Mr. Sideburns, the man wh
o had berated Lionel for abandoning his kids at Christmas, was loading his purchases into the bed of a battered, metallic blue pick-up. The vanity license read “hottie.” He waved as Annie and I walked by.
“Good luck to you, little lady,” he said to me, “but you’d be better off without that guy. I told Miriam, that’s the blonde cashier, when he started getting friendly with her, that he was no good. Somethin’ real sleazy about that one. Talks funny, like he thinks all of us don’t speak English.

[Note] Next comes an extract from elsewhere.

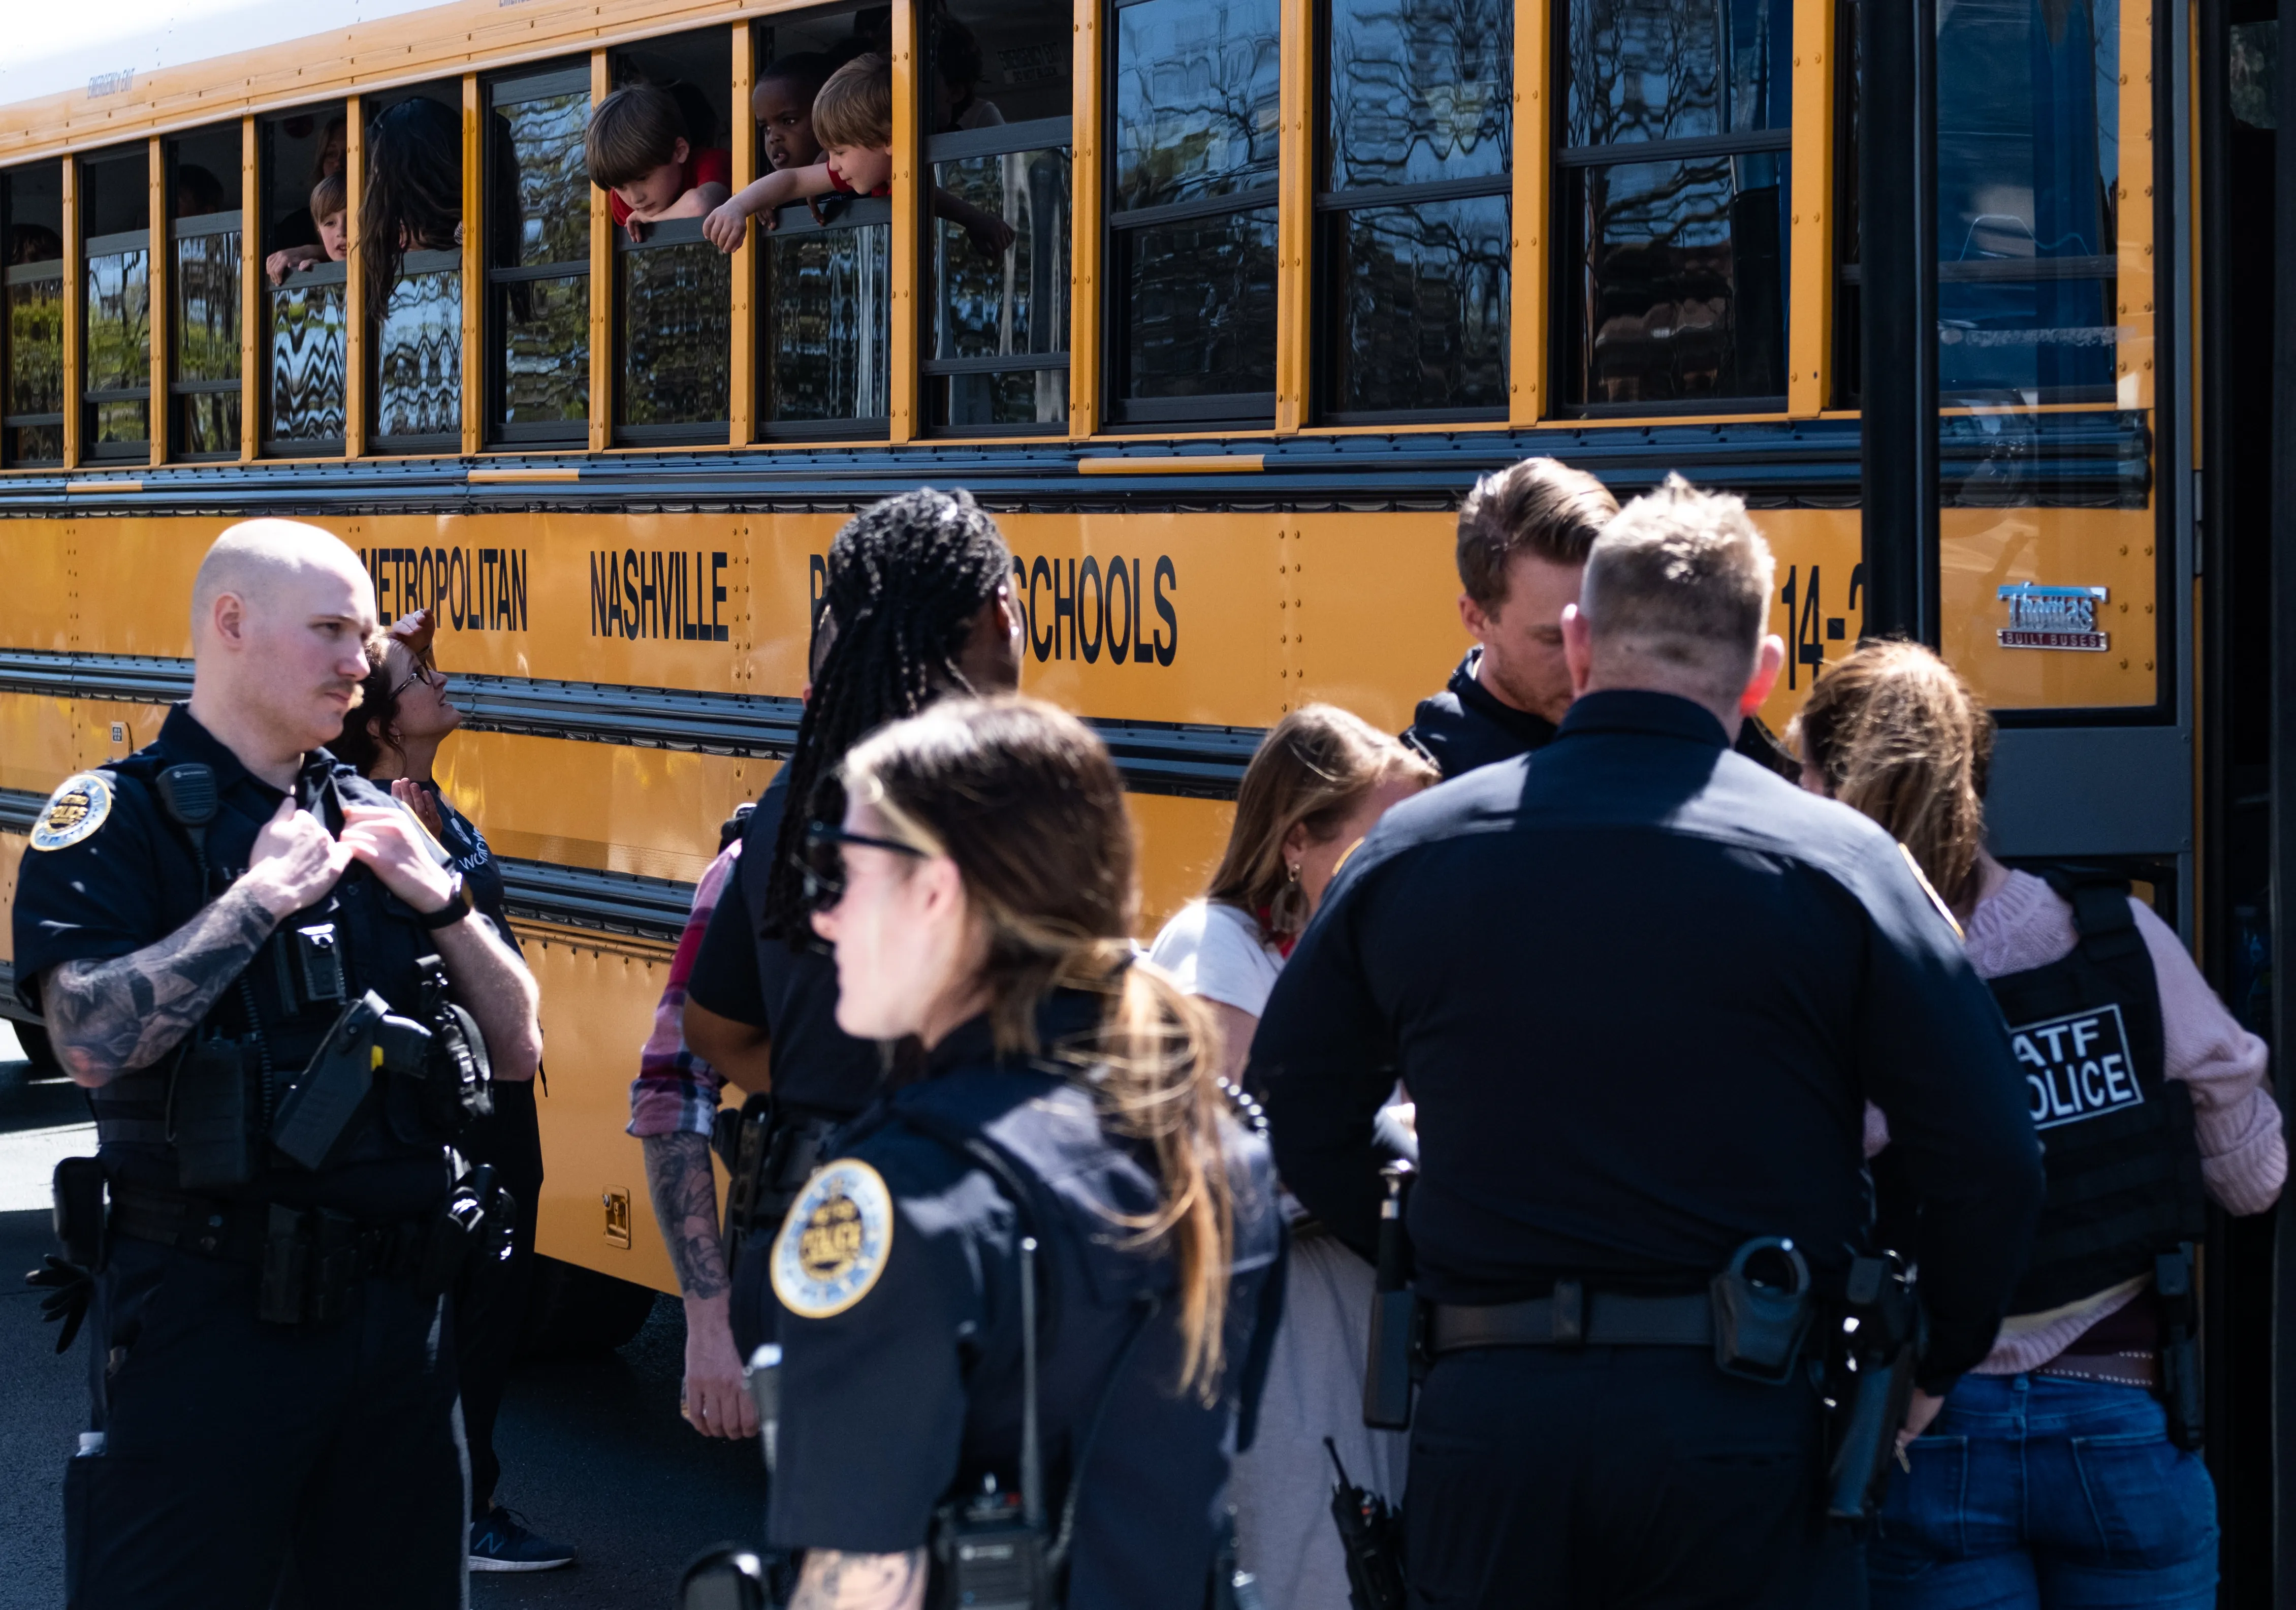 Read 5 Steps to Prep Your School Communications for Swatting
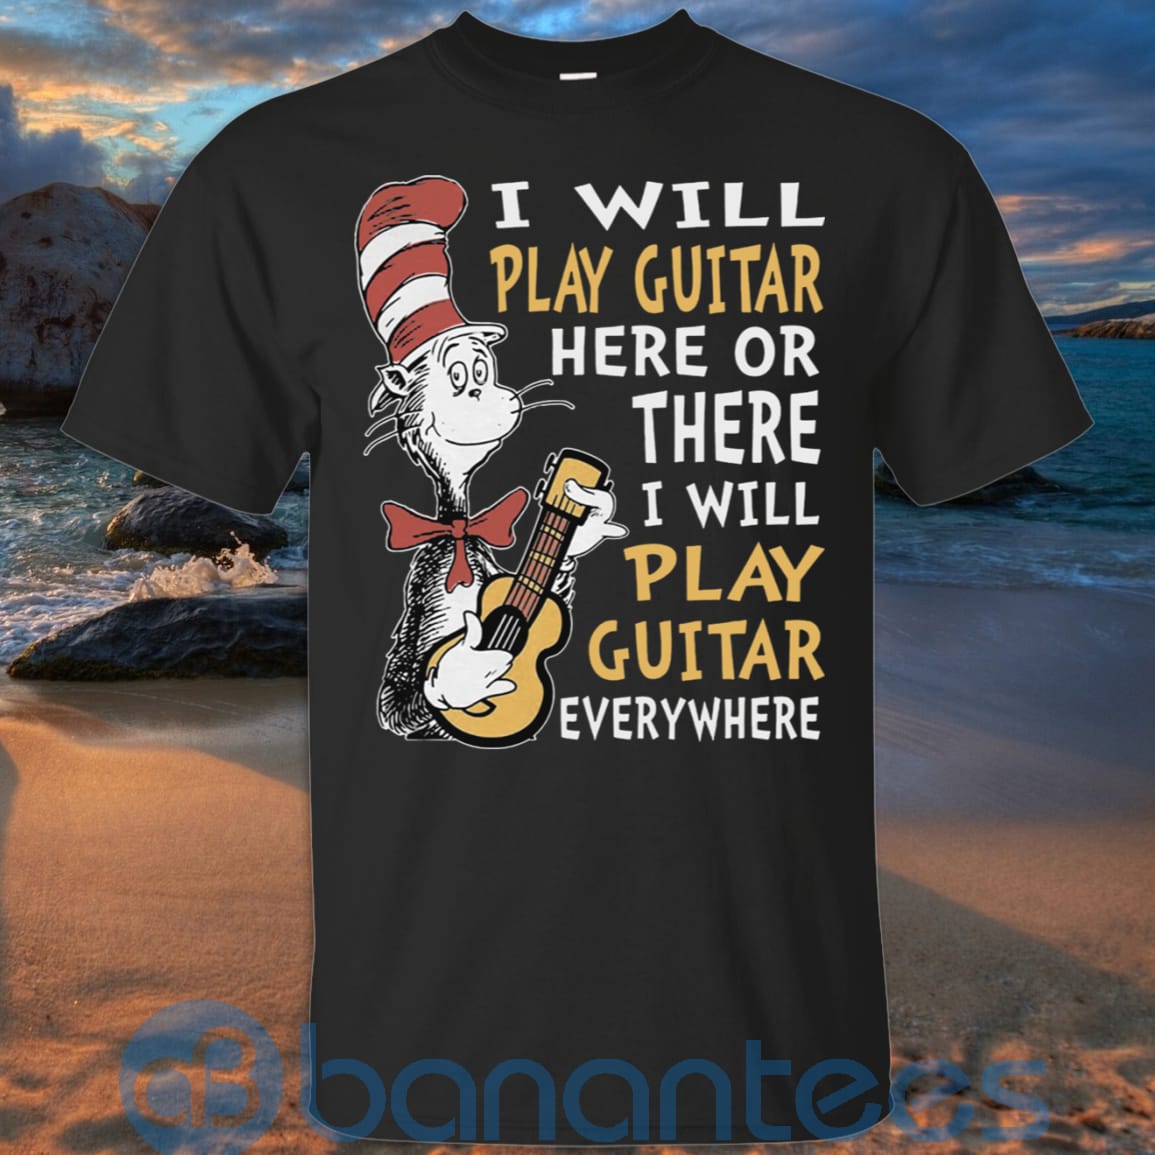 I Will Play Guitar Here Or There I Will Play Guitar Everywhere T-Shirt Hoodie Sweatshirt

Yep, both o’ you better off without that one.” He slammed the tailgate hard enough to knock a piece of rusted side paneling off the vehicle. “Shit.” He looked at the metal piece on the ground, then bent over, picked it up, and threw it in the back with his purchases. “You have a nice day now.” He tipped his red hat, then set it back down on the forest of hair sprouting out from his sideburns.
Annie and I smiled at him as we continued toward the car.
“Nice man. Took him only two seconds to size up Lionel. Did he have ears under all that hair or was all that hair coming out of his ears?” I said to Annie. She giggled.
“Why did Adam take that knife?” said Annie. “That puzzles me.”
“Me too. He said he took it to give back to David. Another time he said he took it to use it to find one just like it without the cracked handle. Said he was going to give it to David as a birthday present. I find it hard to believe either story. I think he liked to find out things about others that he could use on them. I think he found out about David being booted out of school for being part of a group who had weapons. With Adam’s propensity for opening doors, I think he took the knife figuring he might use it to hurt David somehow.” We maneuvered around a woman pushing one shopping cart, pulling another, and wrestling with two small children, one held in her left arm, the other tugging on her coat and yelling “I want candy” at the top of his lungs.